During contract negotiations, contractors know that wages and benefits will always be front and center. But, what about other subjects, such as travel time, bargaining unit scope, converting from an 8(f) to a 9(a) relationship, etc.? Is the contractor required to bargain over these subjects or can they refuse to bargain over the topic?
The National Labor Relations Act (NLRA) divides the subjects of bargaining into three categories:
- Mandatory – both parties (management and labor) have a statutory obligation to bargain these subjects.
- Permissive– both parties may choose to (or refuse to) bargain these subjects.
- Illegal– both parties must refrain from bargaining these subjects.
Generally, the test for determining whether a bargaining subject is mandatory or permissive is whether the subject “vitally affects” the relations between the employer and its employees. Provided below is a summary of common examples of each.
Mandatory subjects of bargaining include:
- Rates of pay and wages (e.g., shift differentials, bonuses, pensions, health and welfare plans, meals and discounts, profit sharing, etc.)
- Hours of work (e.g., daily overtime, weekly overtime, etc.)
- Other terms and conditions of employment (e.g., seniority, plant rules, work assignments, health testing, drug testing, union security, no strike/no lockout language, non-discrimination, etc.).
Again, parties have a statutory obligation to bargain over mandatory subjects of bargaining. The NLRA does not require agreement, of course, but the contractor must engage in bargaining over mandatory subjects of bargaining.

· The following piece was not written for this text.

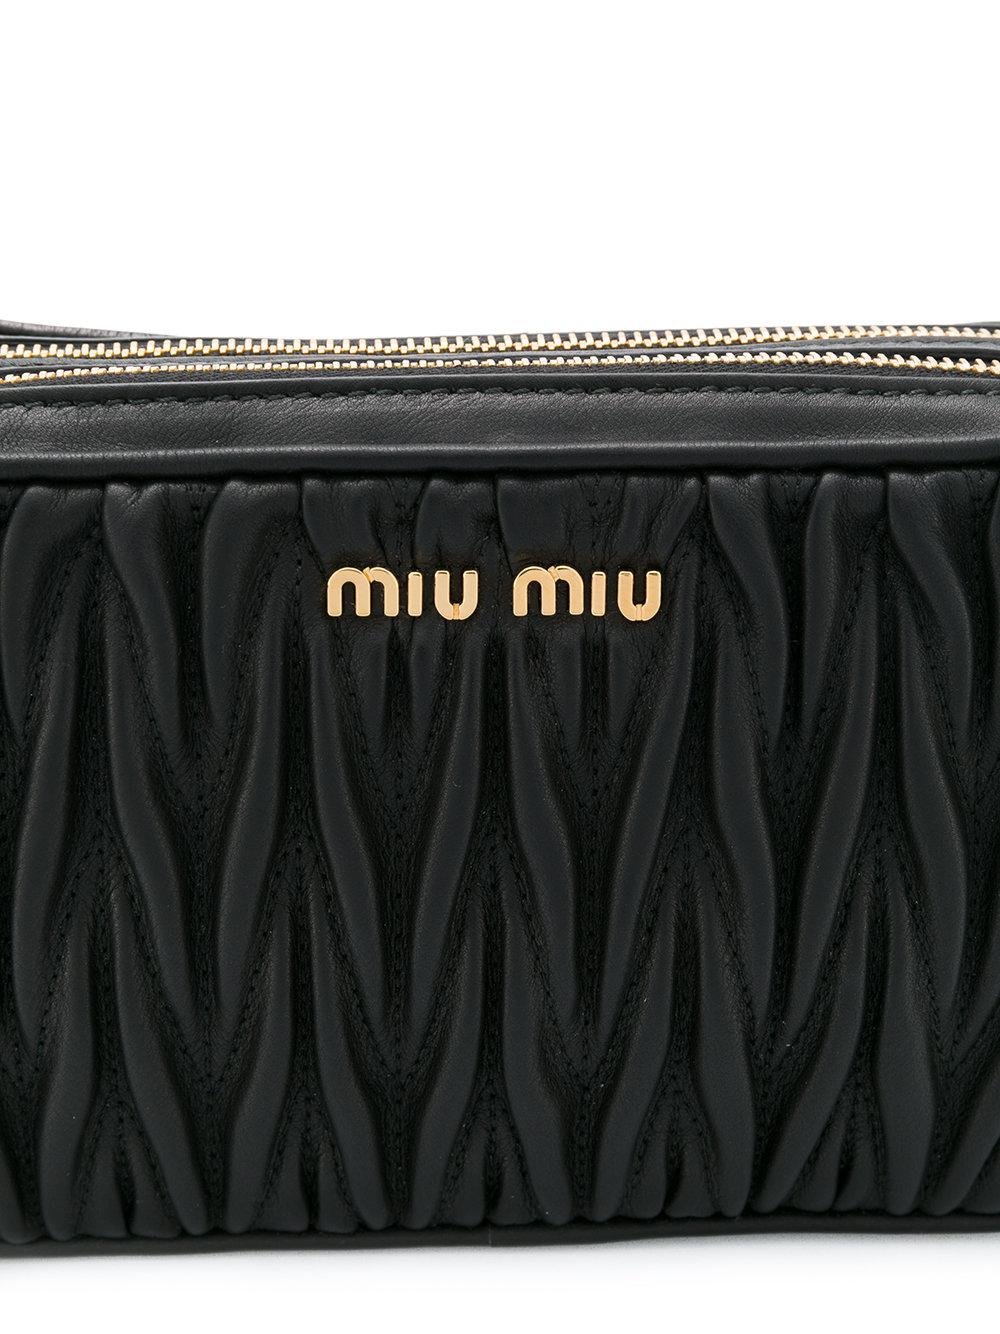 Miu Miu Black Matelasse Double Zipped Cross Body Bag Miu Miu

Permissive subjects are matters that the parties are free to bargain over, but have no obligation to do so. Permissive subjects of bargaining include the following:
- Definition of the bargaining unit
- Union recognition clauses converting a Section 8(f) relationship to a Section 9(a) relationship
- The inclusion of supervisors in the bargaining unit
- Internal union affairs
- Legal liability clauses (e.g., a provision fixing liability for violation of a no-strike clause)
- Industry promotion funds
- Interest arbitration (such as Article X, Section 8)

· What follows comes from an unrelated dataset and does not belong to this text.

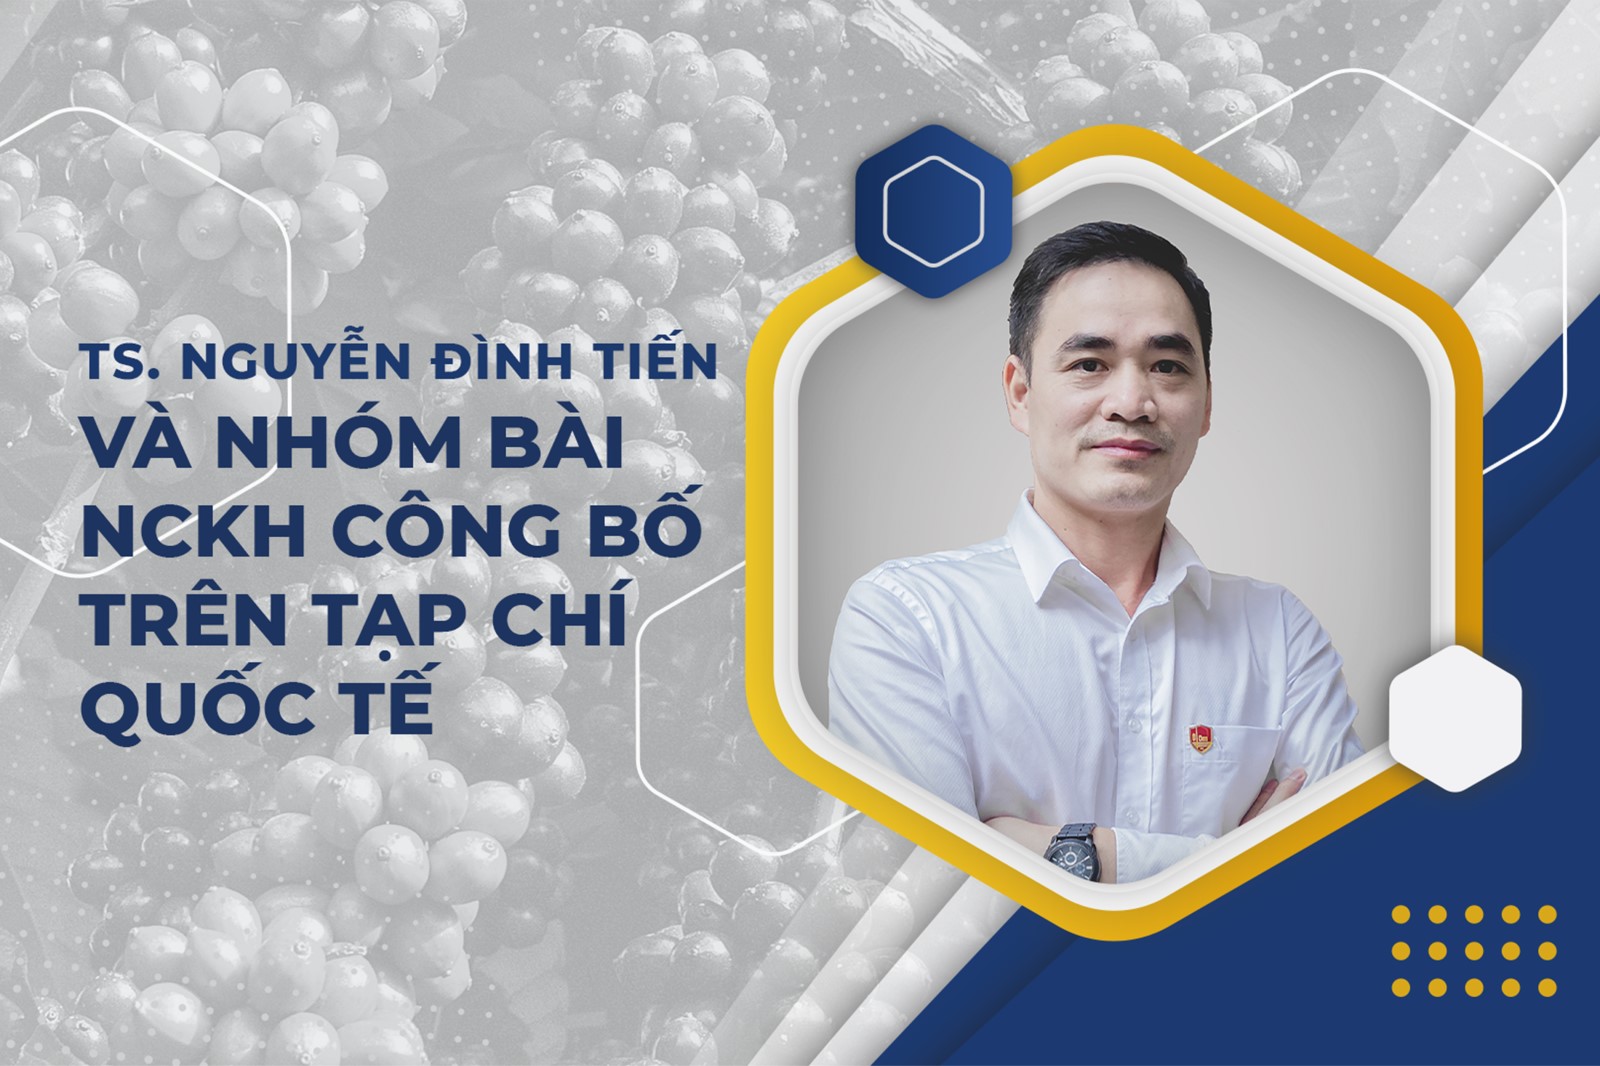 TS. Nguyễn Đình Tiến với các công bố quốc tế hướng tới nâng cao hiệu quả sử dụng nước tưới trong sản xuất cà phê tại tỉnh Lâm Đồng, Việt Nam

- Settlement of unfair labor practice charges
- Deductions for political action leagues
- Union label clauses
- Clauses prohibiting the arbitration of a dispute in the event the union has filed charges over the same issue with any state or federal agency
Illegal bargaining subjects include:
- Provisions for a closed shop
- A provision for a hiring hall giving preference to union members
- “Hot cargo” clauses in violation of Section 8(e) of the NLRA, such as subcontracting restrictions concerning non-jobsite work that require the subcontractor to be signatory to a labor agreement.
It is important to remember, though, that a “union standards subcontracting clause” does not violate Section 8(e). Thus, a clause requiring the employer to subcontract non-jobsite work only to employees that observe union-equivalent wages, hours and benefits would not violate Section 8(e).